We study policy evaluation of offline contextual bandits subject to unobserved confounders. Sensitivity analysis methods are commonly used to estimate the policy value under the worst-case confounding over a given uncertainty set. However, existing work often resorts to some coarse relaxation of the uncertainty set for the sake of tractability, leading to overly conservative estimation of the policy value. In this paper, we propose a general estimator that provides a sharp lower bound of the policy value. It can be shown that our estimator contains the recently proposed sharp estimator by Dorn and Guo (2022) as a special case, and our method enables a novel extension of the classical marginal sensitivity model using f-divergence. To construct our estimator, we leverage the kernel method to obtain a tractable approximation to the conditional moment constraints, which traditional non-sharp estimators failed to take into account. In the theoretical analysis, we provide a condition for the choice of the kernel which guarantees no specification error that biases the lower bound estimation.

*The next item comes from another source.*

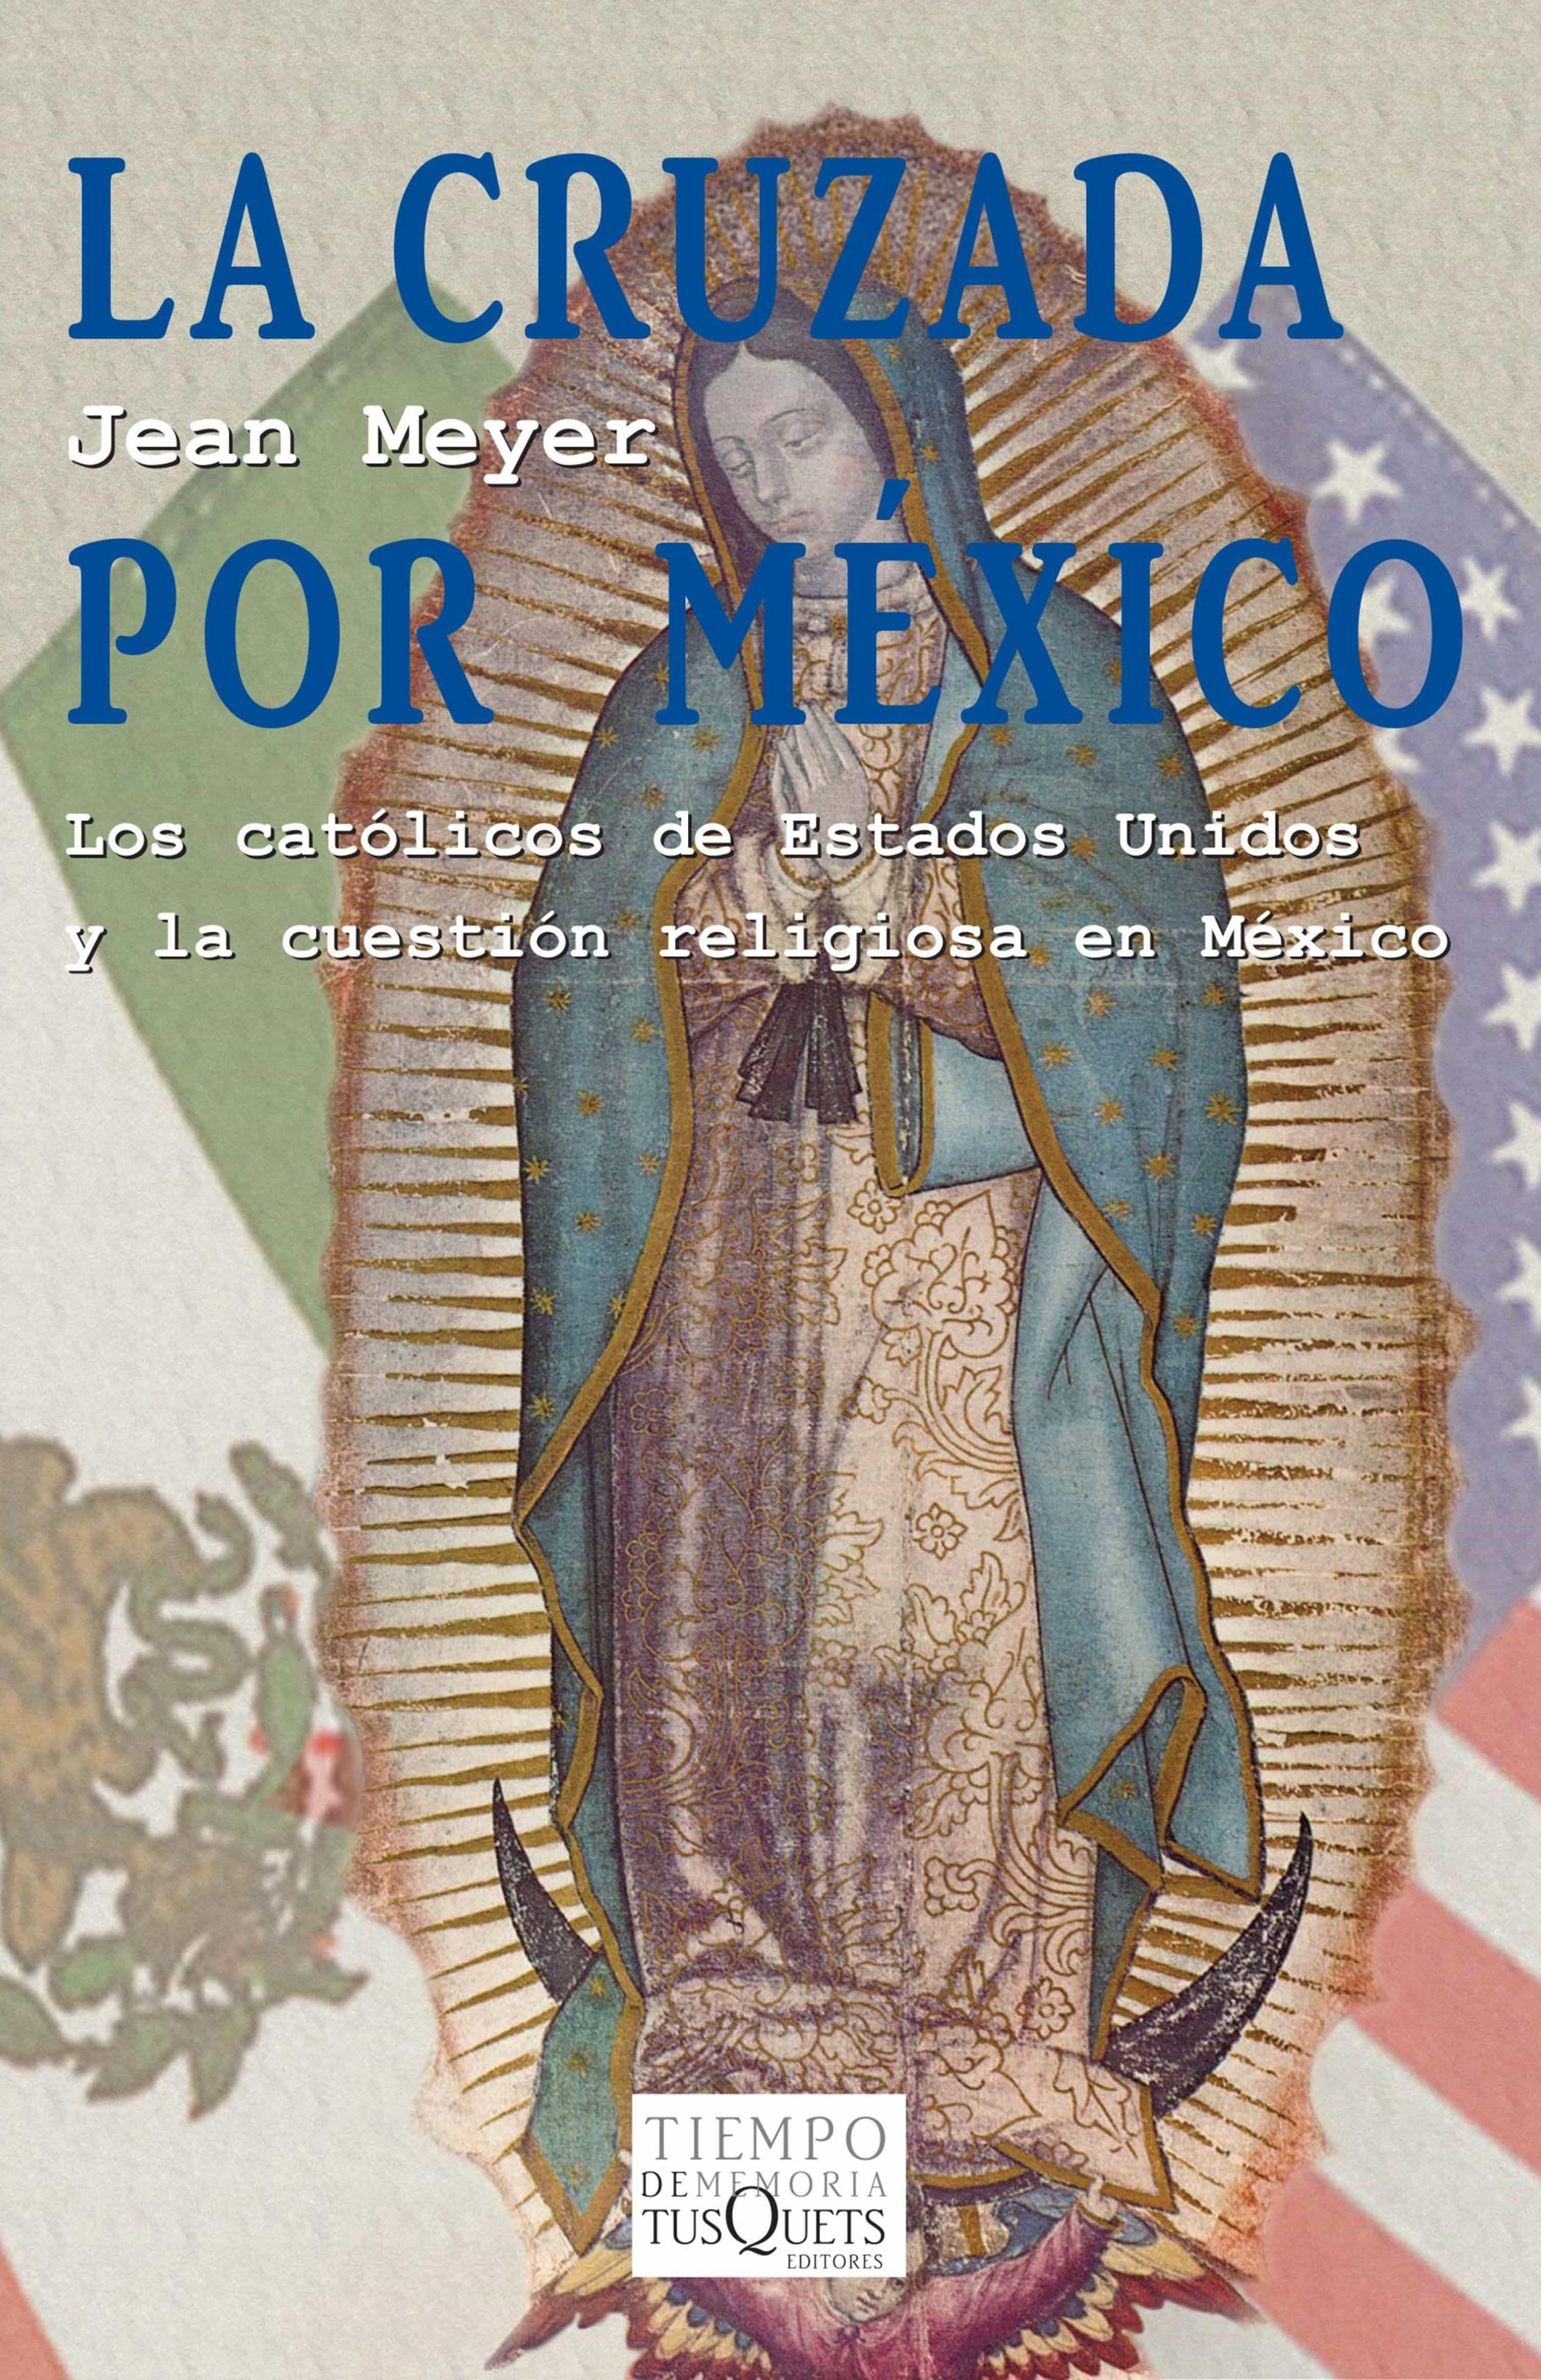 La cruzada por México: Los católicos de Estados Unidos y la cuestión religiosa en México

Furthermore, we provide consistency guarantees of policy evaluation and learning. In the experiments with synthetic and real-world data, we demonstrate the effectiveness of the proposed method.

翻译：我们研究存在未观测混杂因素的离线上下文强盗策略评估问题。敏感性分析方法通常用于在给定不确定性集的最坏混杂情形下估计策略价值。然而，现有工作常因可处理性而对不确定性集进行粗略松弛，导致策略价值估计过度保守。本文提出一种能提供策略价值严格下界的一般估计量。理论表明，该估计量将Dorn与Guo（2022）近期提出的尖锐估计量作为特例，并实现了利用f-散度对经典边际敏感性模型的新颖推广。为构建该估计量，我们利用核方法对条件矩约束进行可处理逼近，而传统非尖锐估计量未能考虑该约束。理论分析中，我们给出了保证下界估计无指定误差的核选择条件，并进一步证明了策略评估与学习的一致性。在合成数据与真实数据的实验中，我们验证了所提方法的有效性。